Whether the aim is to prevent heart disease (dietary recommendations, fitness, smoking cessation), cancers (physical activity, healthy diets, smoking cessation, sunlight exposure), infectious diseases (vaccinations, food safety, hand washing, condom use), road accidents (helmets, seat belts, speed limits), in no instance has calling something a “disease” ever stopped us from doing the utmost for prevention (although more can always be done).
Rather, if you truly embrace the concept that obesity, once established, becomes a life-long problem for which we have no cure (the very definition of “chronic disease”), we should be doubling or even quadrupling our efforts at prevention.
After all, who would want to be stuck with a chronic disease, if it can indeed be prevented?
Governments, NGOs and individuals should be even more enthusiastic about preventing a “real” disease than simply modifying a “risk factor” (which sounds a lot less threatening).
Indeed, if I was working in population health, I’d be all for emphasizing just how terrible and devastating the disease of obesity actually is – all the more reason to double down on efforts to do what it takes to prevent it.
In fact, considering obesity a “real disease” would put all the folks working hard to prevent obesity right up there on par with those working to prevent “real” diseases like cancer, HIV/AIDS, or Alzheimer’s disease.

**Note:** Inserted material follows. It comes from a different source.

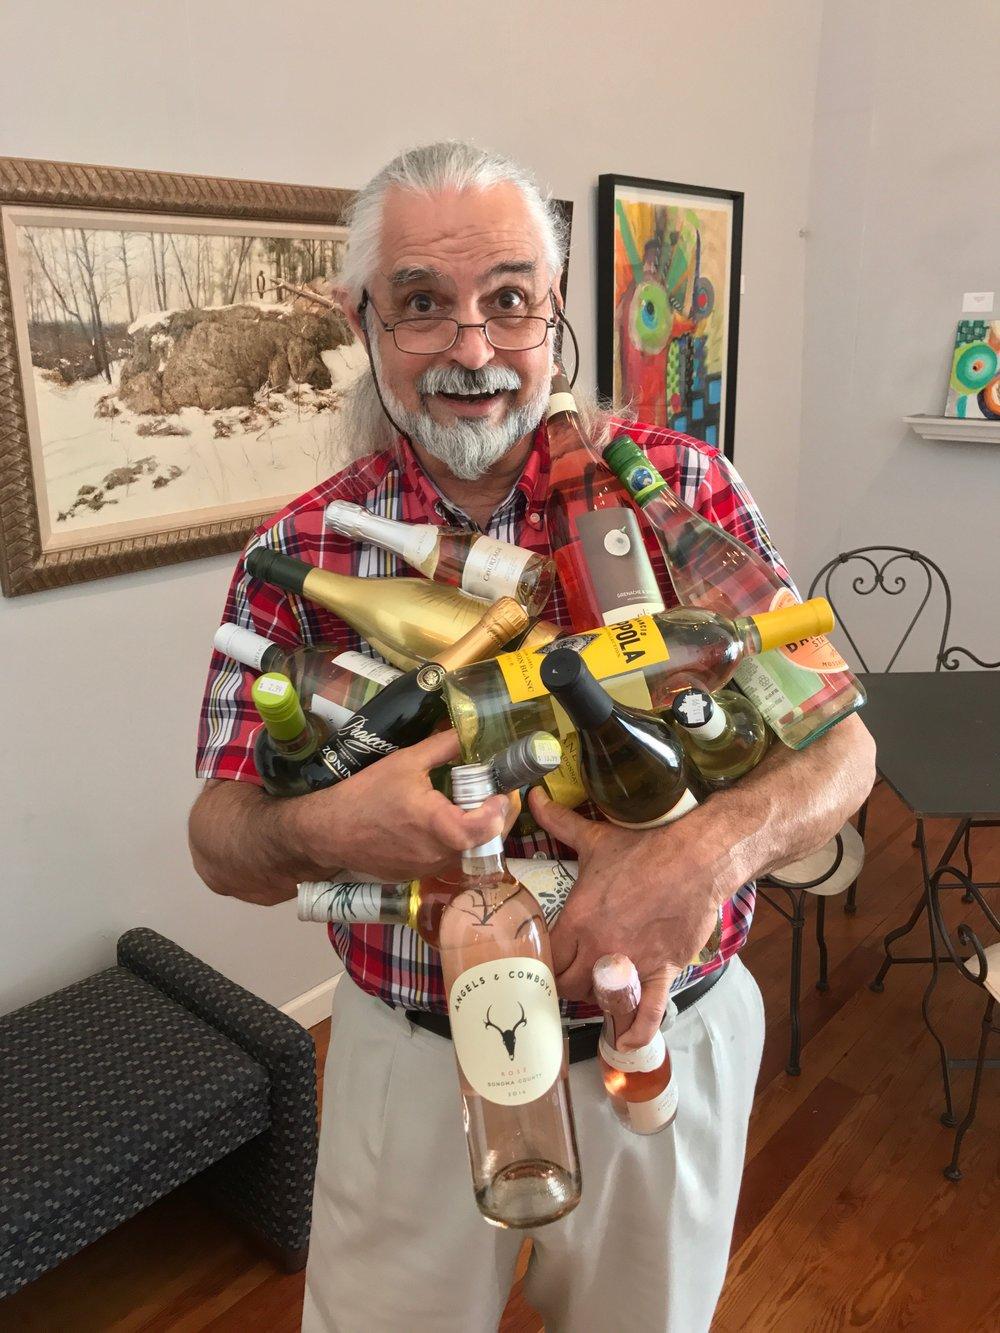 Meet Poppa Cork - Henry Foy, owner of Wine Emporium.

Thus, the argument that calling obesity a “disease” would somehow distract from efforts to prevent it makes absolutely no sense at all.
New Orleans, LA
Continuing in my mini series on arguments that I often hear against considering obesity a chronic disease, I turn to another common argument, “Obesity cannot be a disease because it is preventable and modifiable.”

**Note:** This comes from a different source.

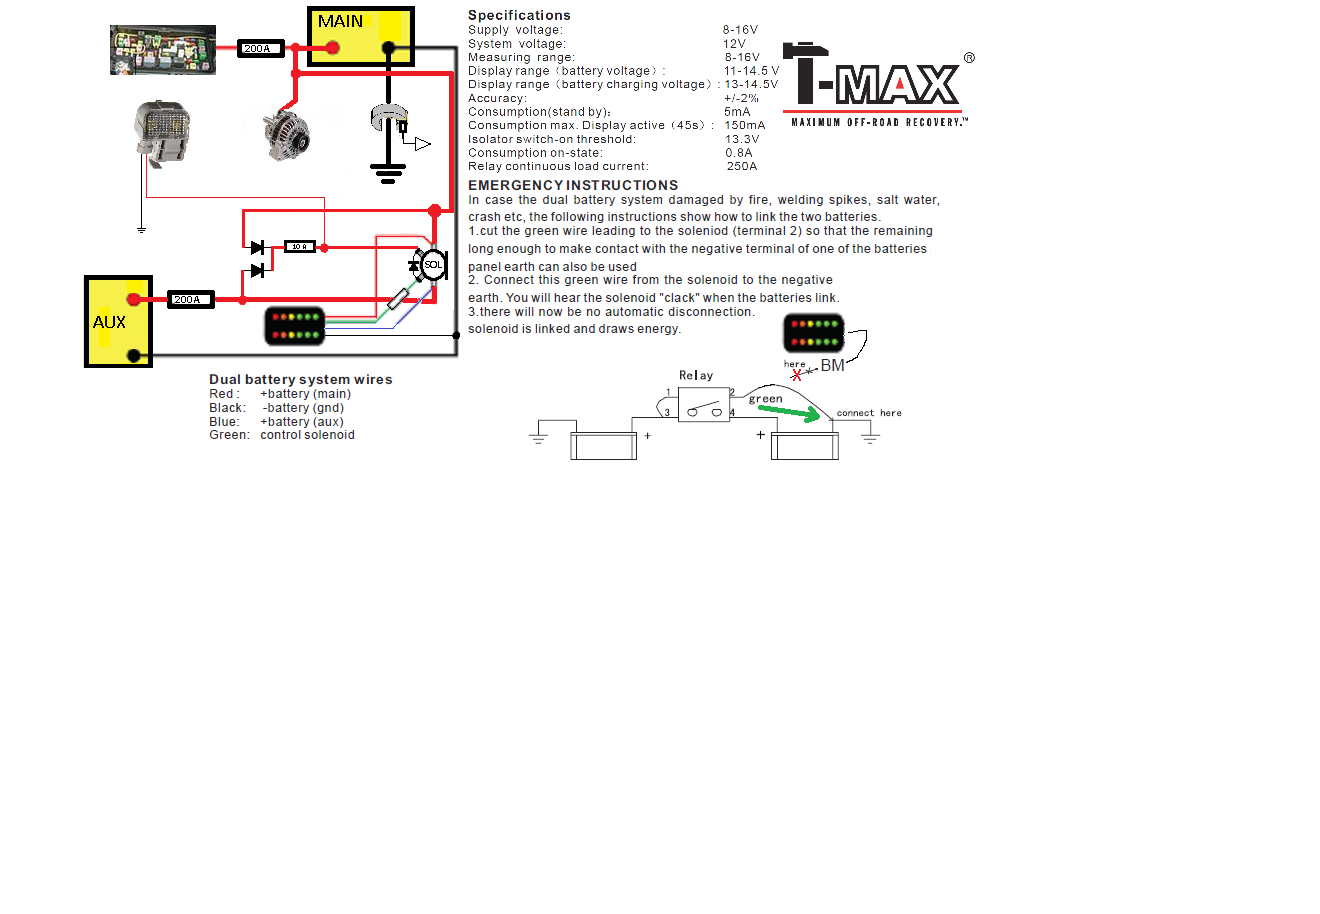 Tmax Dual Battery Controller Output Repair Ih8mud Forum Wiring Diagram On Truck Auxiliary 2013 Sierra 005

That may well be the case (although, we must admit that we are doing a remarkably poor job of either preventing or modifying it), but so what?
There are 100s of diseases that are both preventable and modifiable – and yet no one would argue that they should not be considered diseases.

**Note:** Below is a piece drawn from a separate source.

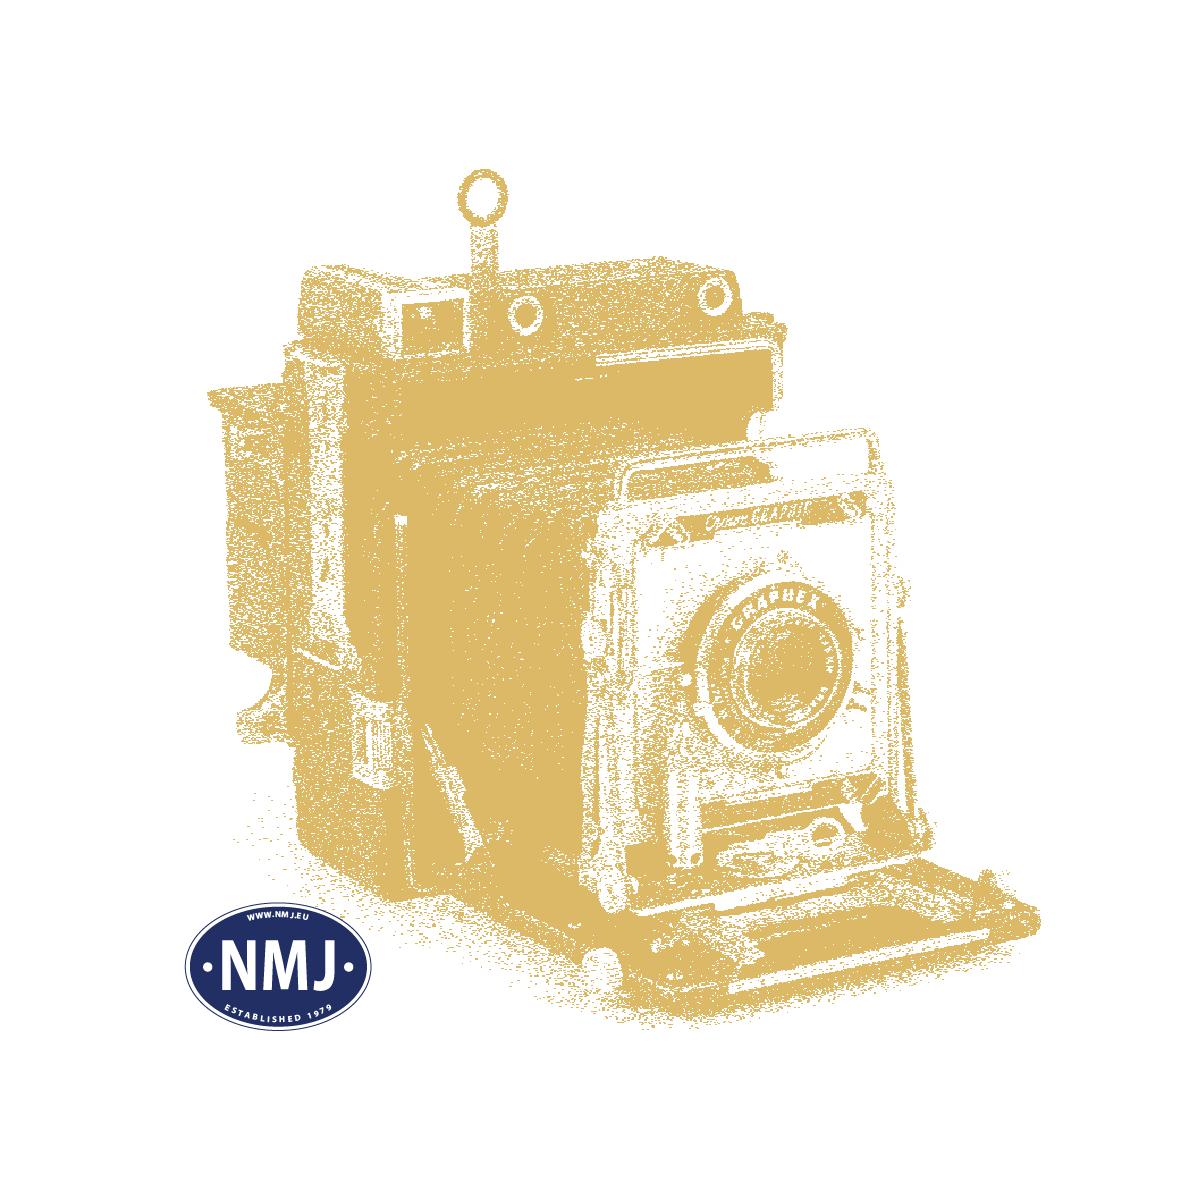 MWB-P203 - Gresstuster, Sen Sommer, 2 mm, 21 x 15 Cm

In fact, virtually all “lifestyle” diseases (by definition) are preventable and modifiable. Take for instance strokes and heart disease – most strokes and the vast majority of heart attacks are both preventable and modifiable (once they occur). So are diabetes, osteoarthritis, obstructive lung disease and many forms of cancer, not to mention the many infectious diseases that are both preventable and modifiable.
There are even a number of in-born genetic diseases that may be preventable or modifiable (e.g. phenylketonuria).
Thus, the fact that a disease can be prevented or modified (once it occurs) says nothing about whether something qualifies as a disease or not.
That said, as recently pointed out by Ted Kyle, for all practical purposes, obesity is proving pretty hard to modify and even harder to prevent in real life. It may therefore be more accurate (and honest) to say that obesity is “theoretically” preventable and modifiable – while we await large-scale real-life examples demonstrating that this is in fact the case, and not just limited to relatively rare exceptions like the 1990’s catastrophic economic crisis in Cuba.
Let’s remind ourselves that there is a vast difference between “efficacy” and “effectiveness” of proposed measures to “prevent” and “modify” obesity.
But even if we did have ample proof that obesity can indeed be prevented or modified by most people, it still says nothing that would speak against recognising excess or abnormal body fat that affects your health as a disease.